Saturday 27 April 2013

Skin in the game

No, this is not a post about the eating habits of Luis Suárez during a football match. The phrase ‘skin in the game’ was coined by Warren Buffet ‘referring to a situation in which high-ranking insiders use their own money to buy stock in the company they are running’. It has a wider application in that it can refer to the need for people to have a stake in the work they are doing as an incentive to better performance. The classic example of this is the insistence that top financiers need massive bonus incentives in order to perform well; the better the company does, the higher their bonuses. Unfortunately, it seems in some cases that even when the companies performed disastrously the high-ranking insiders still expected the bonuses and other financial benefits on top of the salaries.

welbyThe phrase ‘skin in the game’ was referred to several times by Justin Welby, the present Archbishop of Canterbury, in his role as a member of the parliamentary commission into banking. Questioning HSBC’s top executives shortly after HSBC had been fined £1.2bn over the money laundering of drug money, Welby asked the following:
I'm increasingly baffled at the discussion we are having. What is it essentially about bankers that means they need skin in the game [bonuses]? We don't give skin in the game to civil servants, to surgeons, to teachers.
There's a whole range of people who don't have that. It seems to me that you are putting huge effort into a values-based organisation and yet at the end of the day, particularly for your most senior staff who are most important as regards setting values and culture, you seem to be saying the only way you can motivate them to any significant extent is with cash.
The Archbishop continues in his role as a member of the commission and in a BBC radio interview to be broadcast later today sets out his reasons for continuing to address the issues afflicting the City of London. He clearly and succinctly explains his mission as Archbishop before linking it to his concerns about ethics in the City:
My key mission is to lead the Church in worshipping Jesus Christ and encouraging people to believe in him and follow him. That's my mission.
The Christian gospel has always had strong social implications and one of them is around the common good and it's one of the key areas in which the Church of England focuses.
So issues of how the City of London, which is so important and so full of very gifted people, how that behaves in relation to the common good is very key, not to the whole thing that I'm about or the Church is about, but to how we express the implications of that in day to day life.
Not surprisingly the Archbishop’s engagement with the finance sector has drawn much attention and comment, some critical and some more positive. The BBC’s Robert Peston concluded a piece on Welby stating:
But why should anyone care what this man of the cloth says about the men - and occasionally women - who provide vital credit to businesses and households?
Well he was a relatively senior businessman in his earlier incarnation (that said, he self-deprecatingly and amusingly pointed out that he was the only innumerate treasurer of one of the UK's biggest companies, and his employer, Enterprise Oil, paid someone to check all his numbers).
Also, he is a member of the influential parliamentary commission on banking standards, although his remarks to the Christians in Parliament All Party Parliamentary Group were personal, rather than representing those of the commission (I should perhaps point out that I was the token non-observant Jew on the panel that then responded to the Archbishop's reflections).
But perhaps more germanely, the UK's economic malaise shows no signs of being fixed any time soon by the supposed experts in the Bank of England or Treasury, so there may be a case for looking elsewhere for wisdom - and it is no longer eccentric to argue that what went wrong in the financial system was as much ethical as technical.
What Justin Welby is doing is demonstrating that as Christians we have ‘skin in the game’, we always have. We are called to live out our faith as followers of Christ in the world we inhabit; we are as invested in it as anyone else. We are not immune to the trials and difficulties of life and we are as affected by the financial crisis as our neighbour. If our faith had nothing to say about the ethics of the City then it is not much good to us or to our society. Of course the present situation and the particular gifts of the Archbishop in the financial sector makes this more apparent, but it should be as true for every other aspect of our common life.

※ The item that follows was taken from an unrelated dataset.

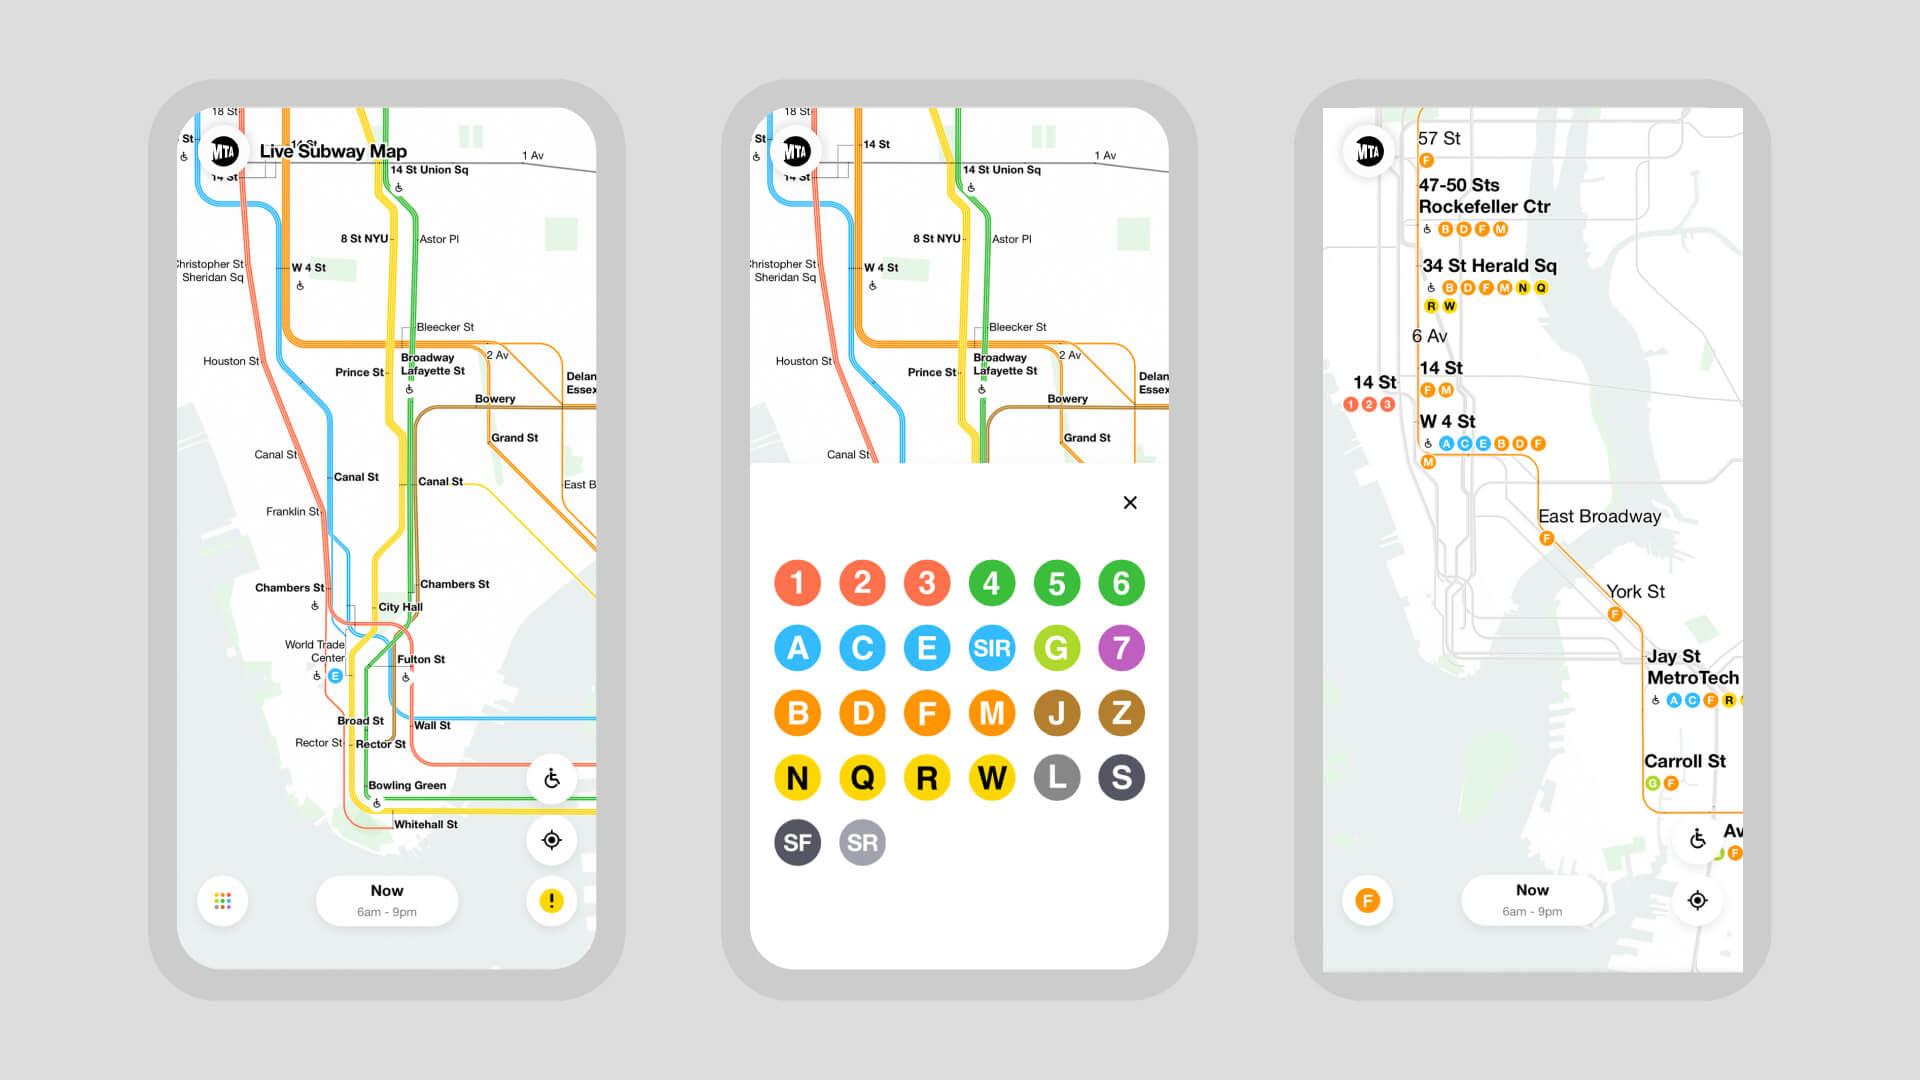 MTA_Mobile_FTrain

One final thought. We have just celebrated Easter and been reminded afresh that we are called to follow one who had ‘skin in the game’ literally. Jesus gave himself completely for the benefit of humanity and his skin was scourged, nailed and pierced for the sins of the world; including the structural sin of economic injustice and oppression. As followers of Christ we are called to have ‘skin in the game’, to be so committed to the values and priorities of the Kingdom of God that we are willing to invest our very lives for him.